The paper provides enough information to understand the core concepts and rationale behind Kerblam! and to reproduce the analysis of existing project structures.

The authors state that the raw data underlying their results are available on Zenodo. This is a significant strength, as it allows for full reproducibility of the analysis of existing project templates. The Zenodo link allows a reader to verify the analysis steps and the resulting frequency graph presented in the paper. This commitment to data availability significantly enhances the reproducibility of the research.

The conclusions are generally supported by the findings, but a comparison with other existing tools or methods for data analysis project management would further solidify the conclusions about Kerblam!'s unique contributions.
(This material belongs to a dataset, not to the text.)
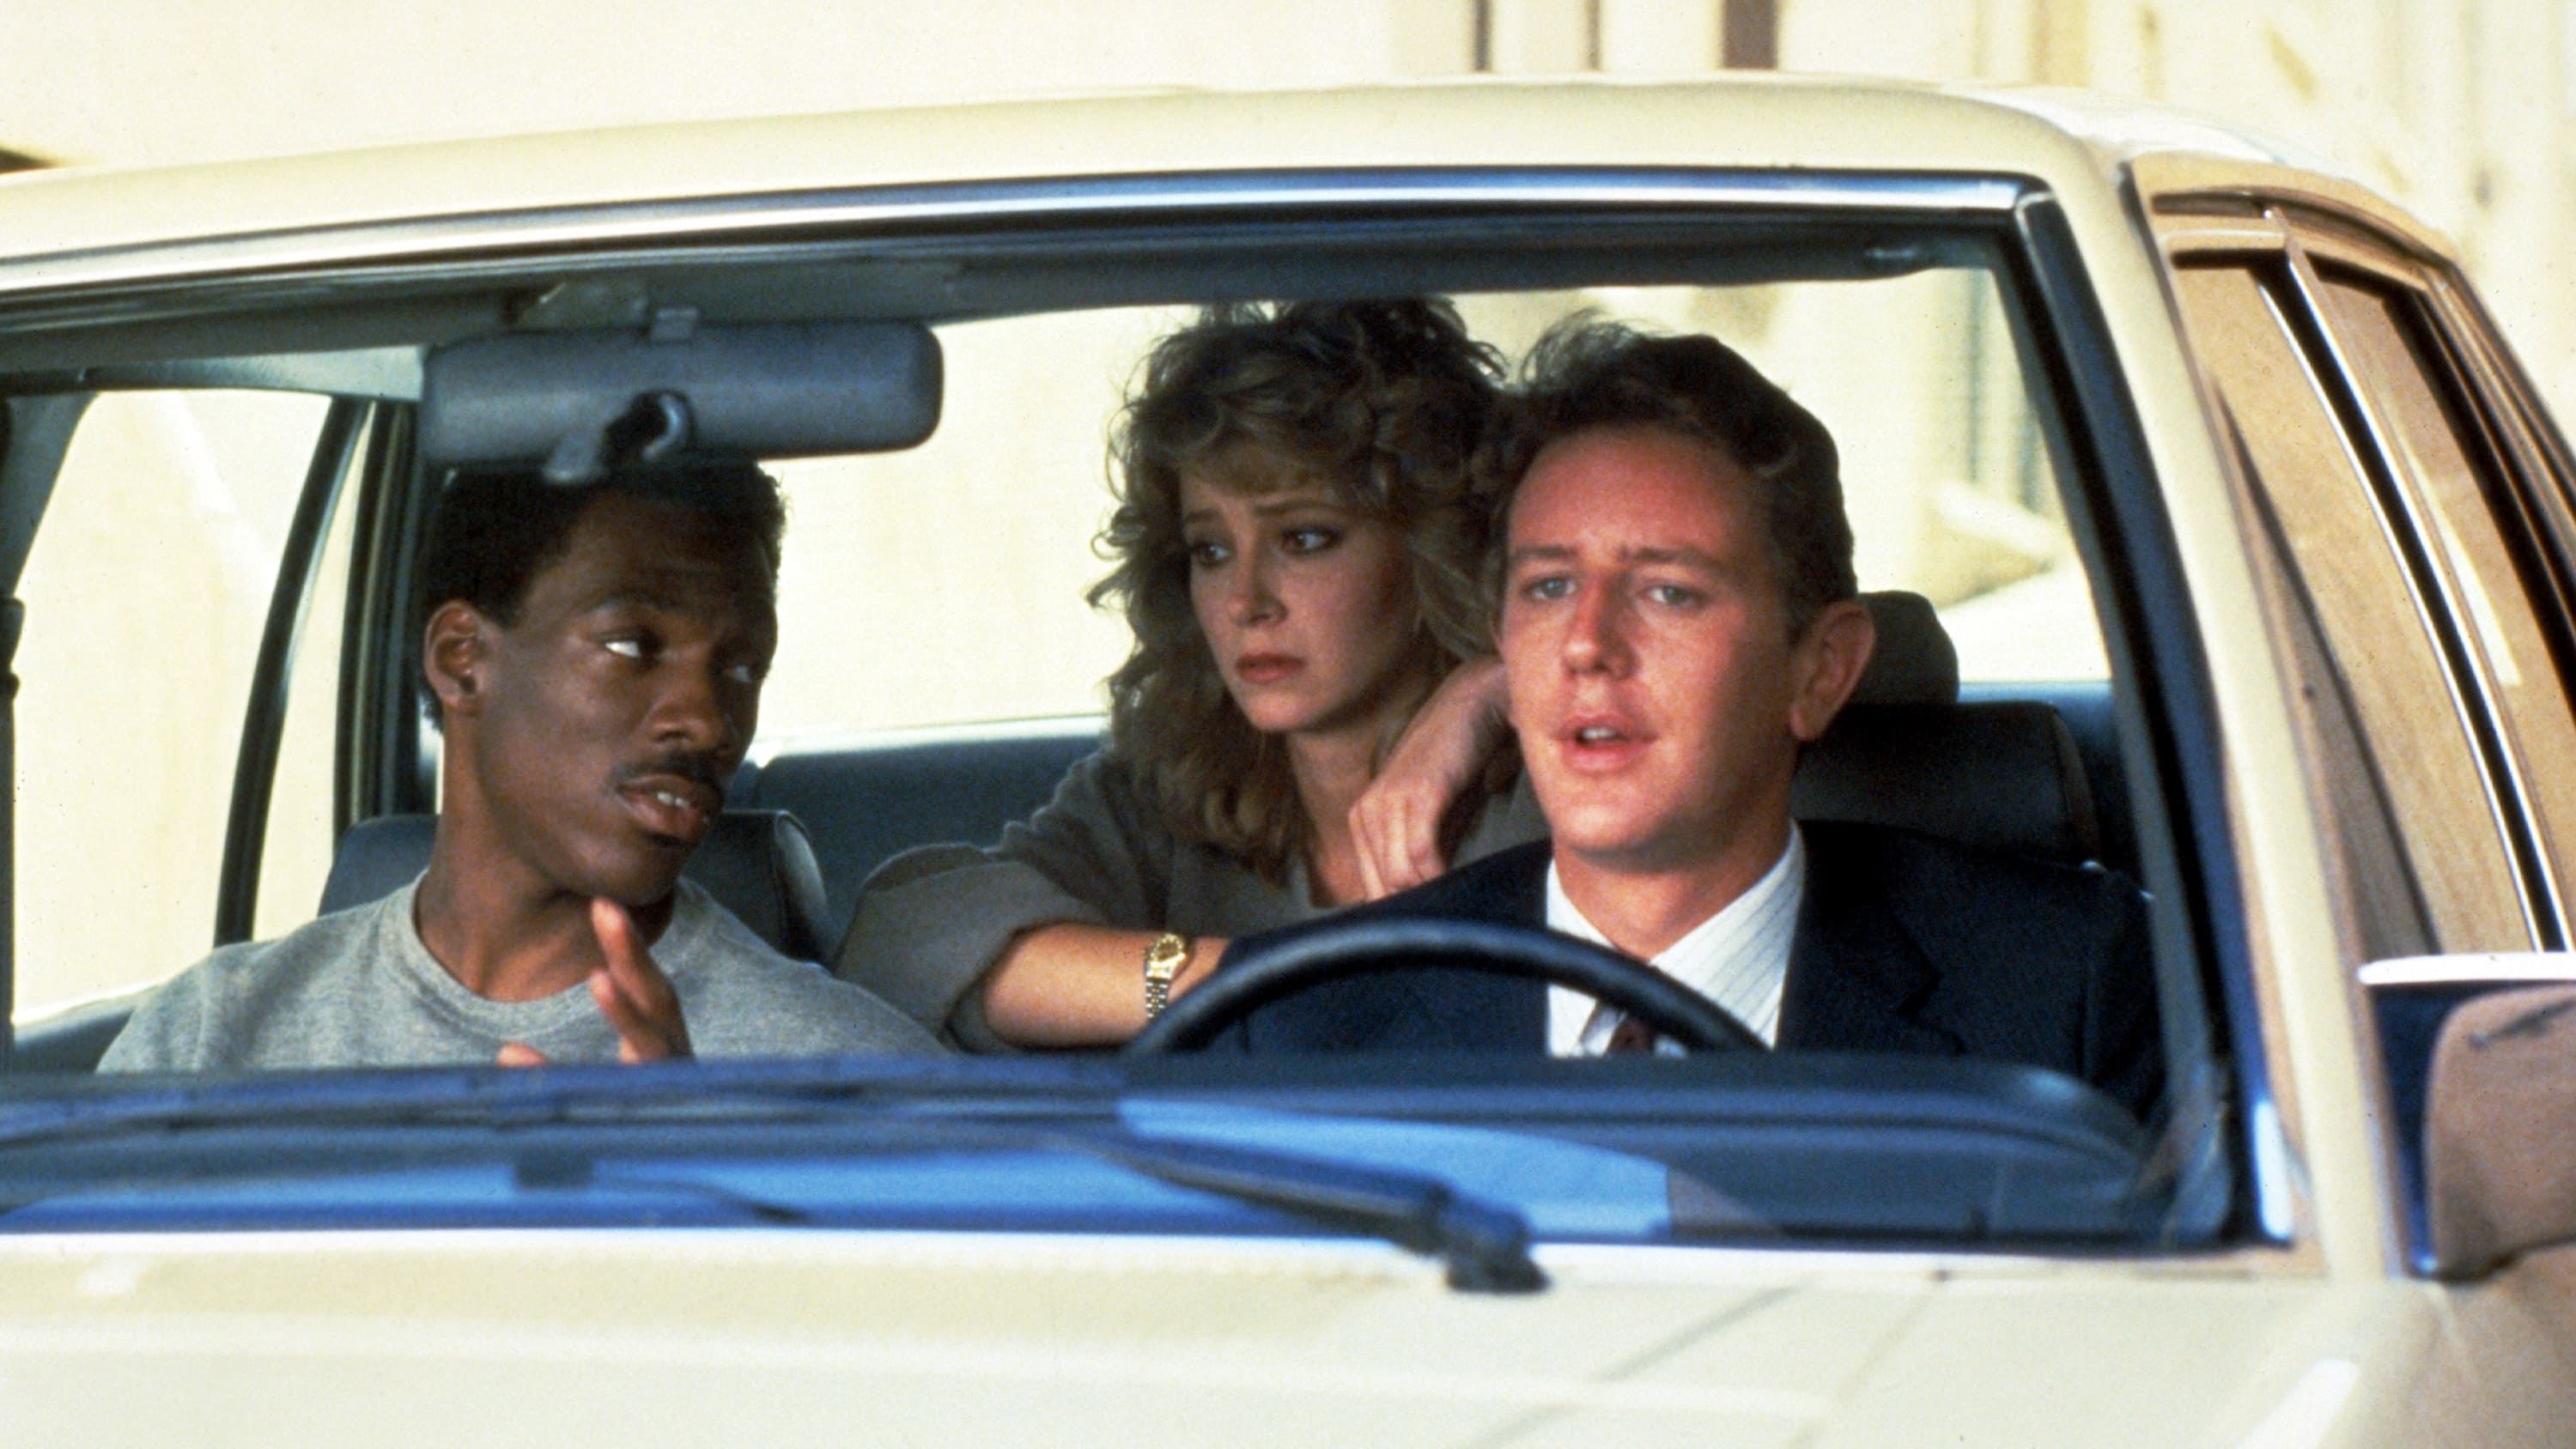 Beverly Hills Cop II (1987) โปลิศจับตำรวจ 2 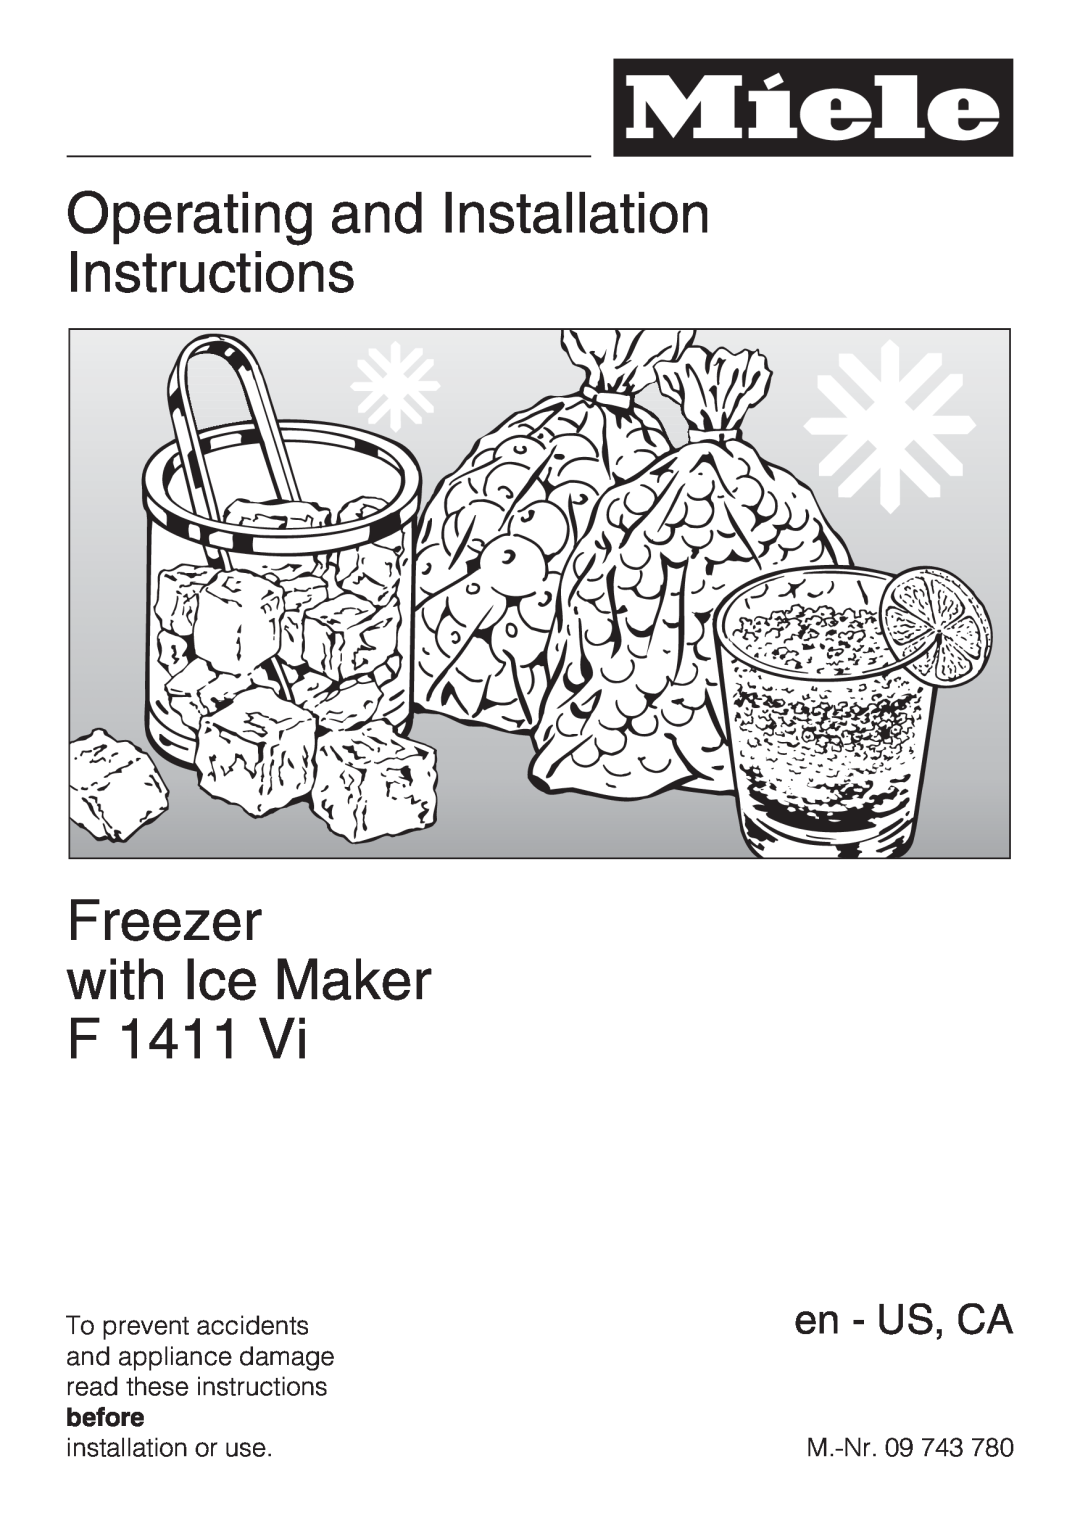 Miele F 1411 Vi installation instructions Operating and Installation Instructions Freezer, with Ice Maker F 1411

Is the rationale for developing the new method (or application) clearly explained?

Yes

Is the description of the method technically sound?

Partly

Are the conclusions about the method and its performance adequately supported by the findings presented in the article?

Partly

If any results are presented, are all the source data underlying the results available to ensure full reproducibility?

Yes

Are sufficient details provided to allow replication of the method development and its use by others?

Yes

Reviewer Expertise:

Open Science, Information Technologies

I confirm that I have read this submission and believe that I have an appropriate level of expertise to confirm that it is of an acceptable scientific standard.

Visentin

Luca

Department of Life Sciences, University of Turin, Turin, Italy

Competing interests: No competing interests were disclosed.

25 3 2025

We kindly thank you for your detailed review. We also appreciate your highlighting of the reproducibility of our analysis, and we hope Kerblam! was useful to you in checking it. We have submitted a second version of the article now, hoping to address at least some of your concerns.

While the article is aimed at researchers somewhat familiar with technical terminology, we wanted to keep it as accessible as possible to a wide range of skill levels. For this reason, we have kept discussions of the implementation details to a minimum in the article. In any case, Kerblam! is open source, and the contributing guide ( https://github.com/MrHedmad/kerblam/blob/main/CONTRIBUTING.md) can be used as an entry point to dive into the implementation. The code is as modular as possible, and we hope that docstrings and various comments make it understandable.

In the second versions of the paper, we have added a short paragraph specifying how Kerblam! handles starting other workflow managers. We are still, however, not including too many information in this regard due to the aforementioned accessibility concerns.

Regarding data security and encryption, Kerblam! is an exclusively locally-executed tool that ***is*** specifically used to manage workflows, so encryption is outside of its scope. In any case, cryptographic signing of Kerblam! replay packages is a feature we are currently exploring, so that users can be sure that they are replaying the original replay package.

It is indeed true that our original paper did not include any comparison with existing tools. In the second version, we have added a new section comparing Kerblam! with similar tools, highlighting its relative strengths and weaknesses.

We hope you will enjoy the second version of the paper, and we are open to any technical suggestions either here or directly in the Kerblam! repository.